- GIVEN DATA -
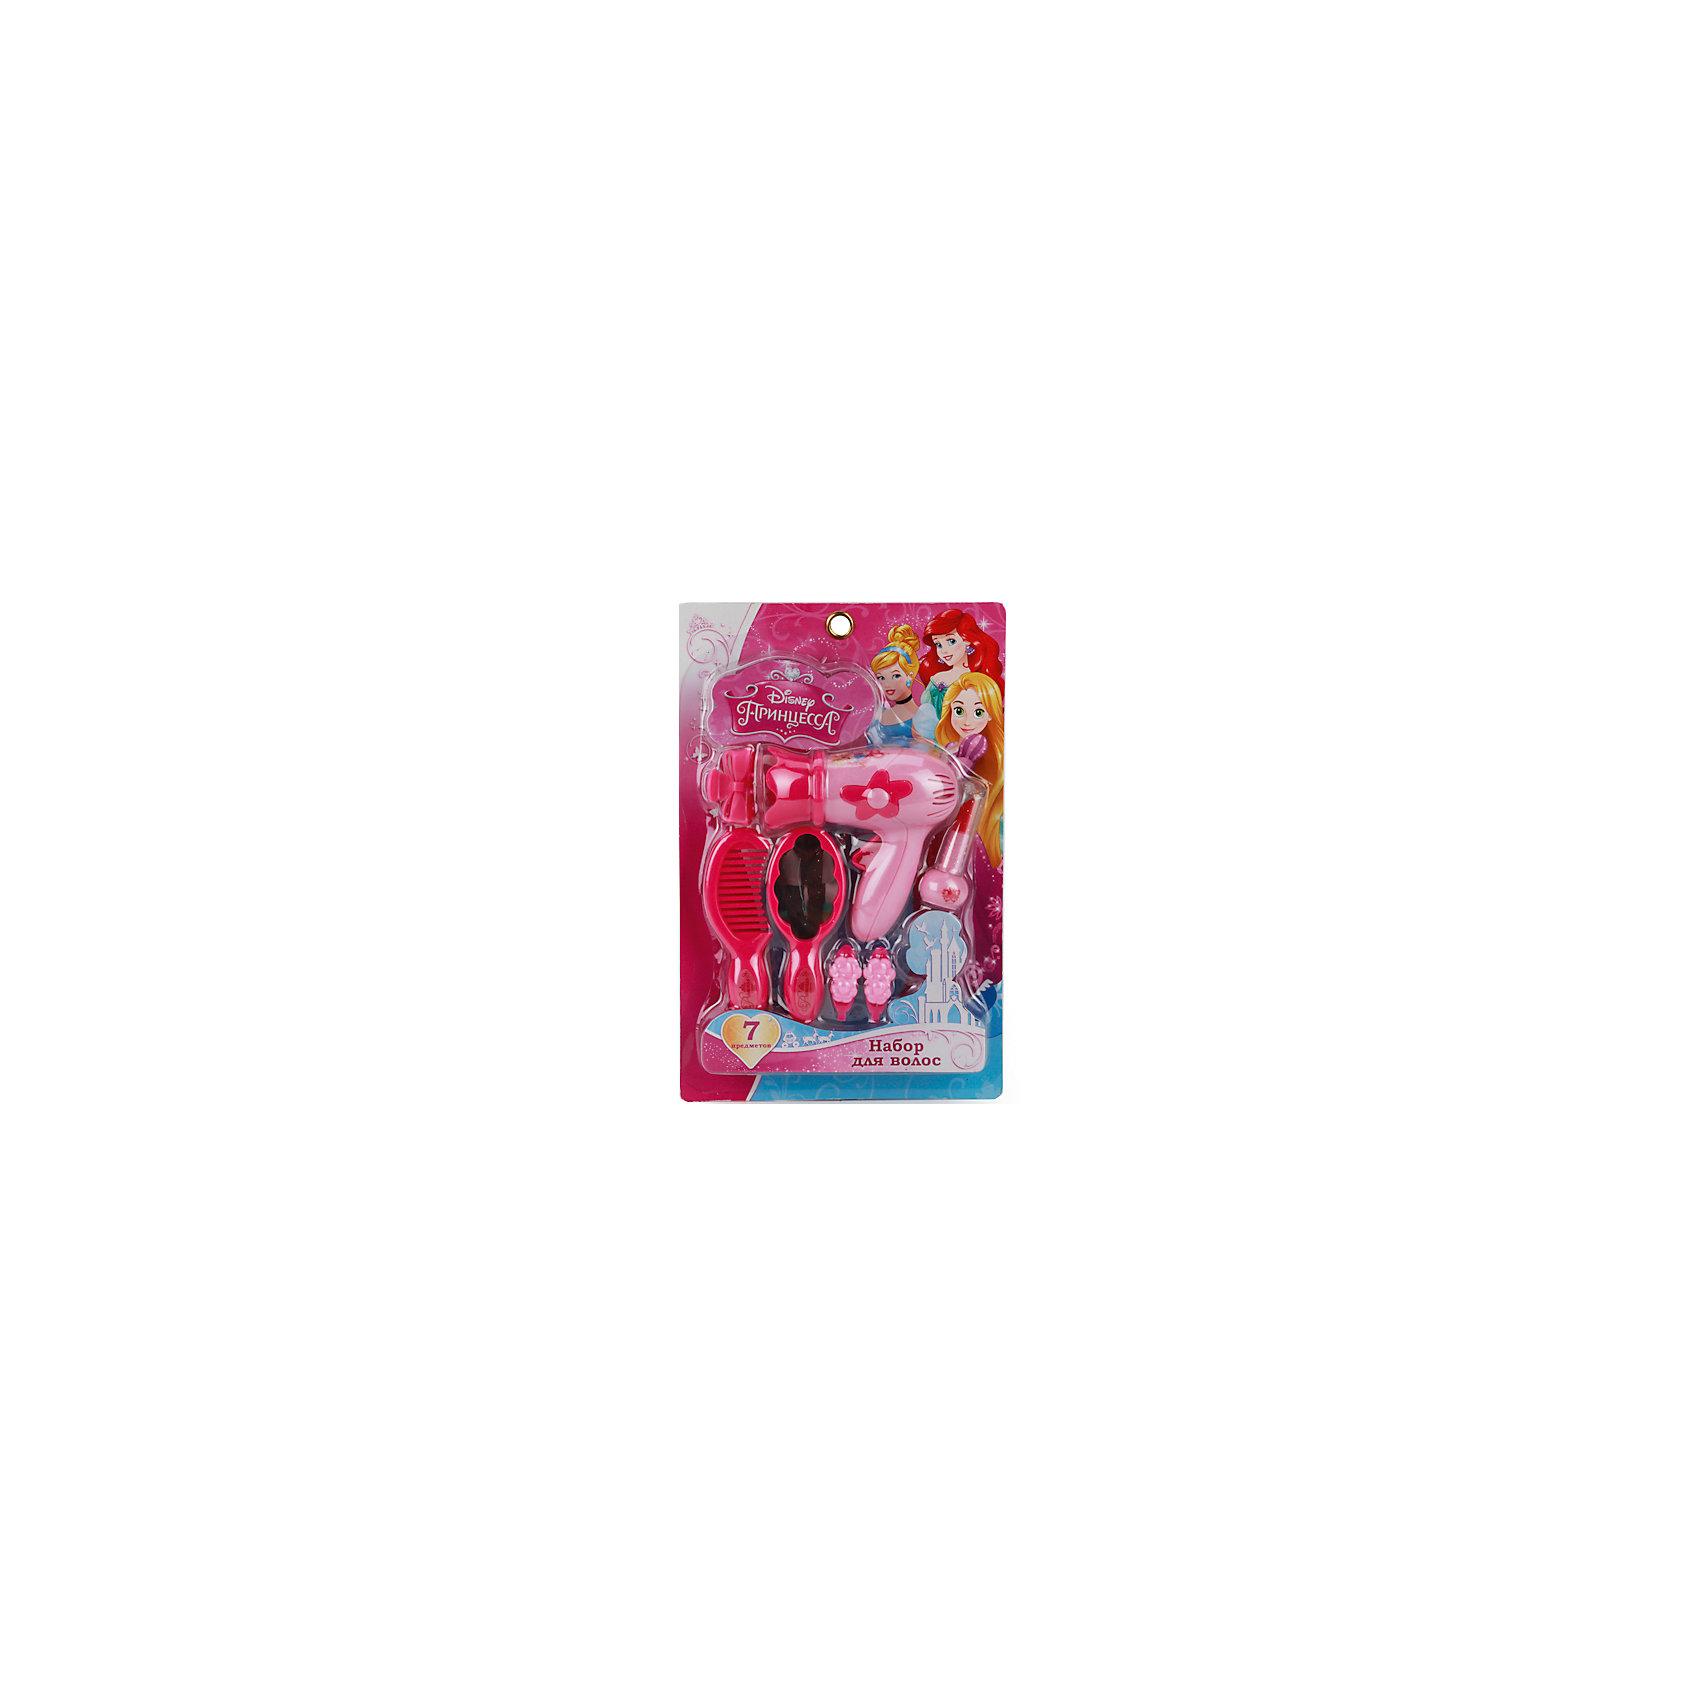 Набор аксессуаров для девочек Принцессыс феном, Играем вместеНабор для девочек выполнен в стиле принцесс Disney. В набор входят: фен, расческа, зеркальце, помада, заколка и красивые сережки, которые сделают игру более увлекательной. Набор изготовлен из качественного пластика и нетоксичных красителей<br><br>Ширина мм: 40<br>Глубина мм: 260<br>Высота мм: 170<br>Вес г: 170<br>Возраст от месяцев: 36<br>Возраст до месяцев: 72<br>Пол: Женский<br>Возраст: Детский<br>SKU: 5099058
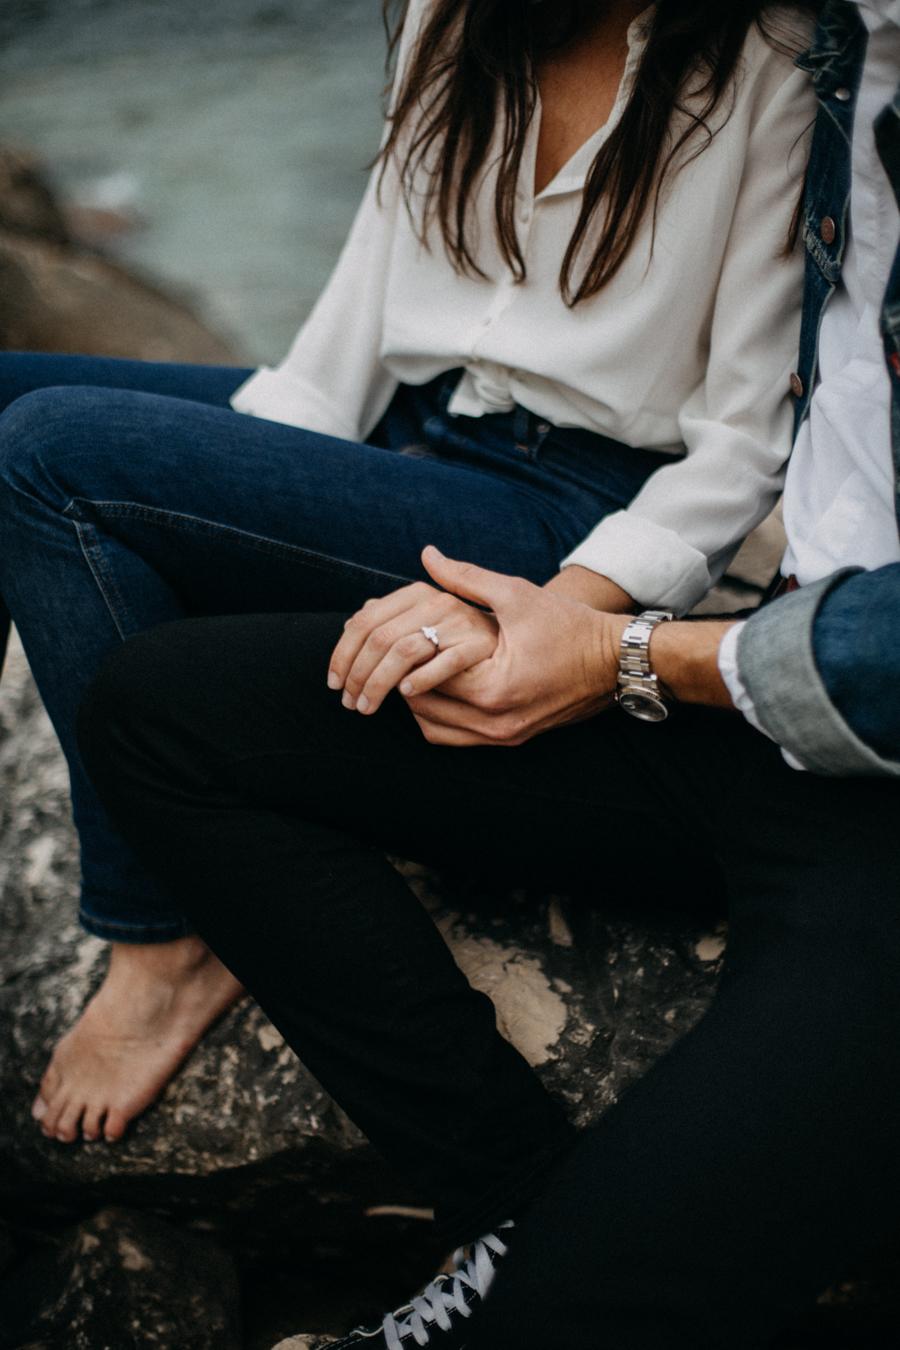 Photographe couple seance photo engagement lyon marseille plage mer nature coucher de soleil lumiere lifestyle engagement plage-8
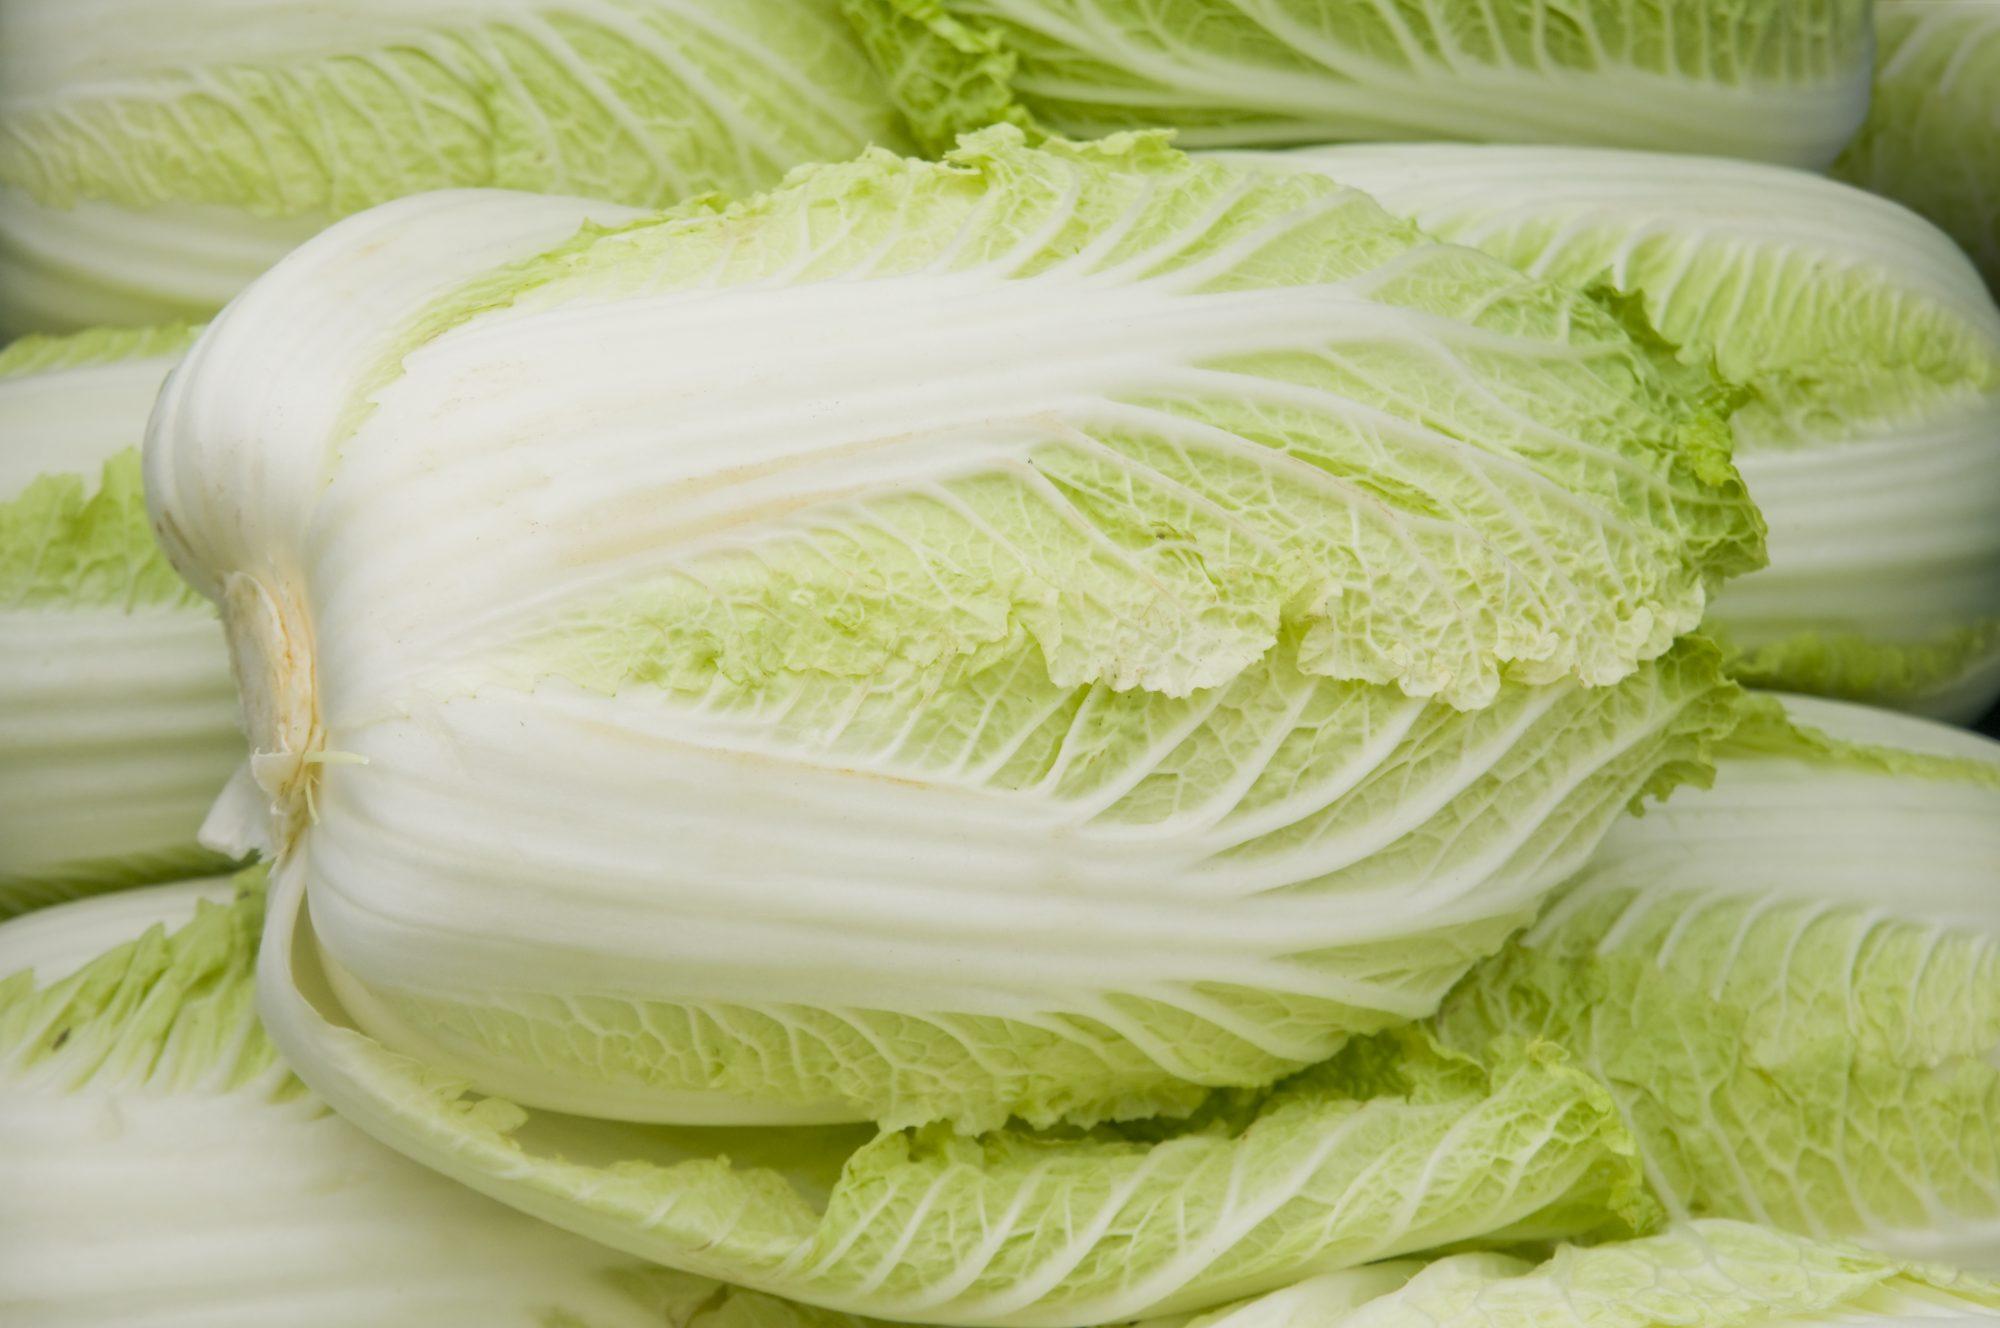 Napa Cabbage Getty 12/20/19

- WHAT YOU WILL DO -
Without the pictures, transcribe exactly the lines above from the one containing "Photographe couple seance" through the last.

- RESPONSE TO THIS TASK -
 Photographe couple seance photo engagement lyon marseille plage mer nature coucher de soleil lumiere lifestyle engagement plage-8
 Napa Cabbage Getty 12/20/19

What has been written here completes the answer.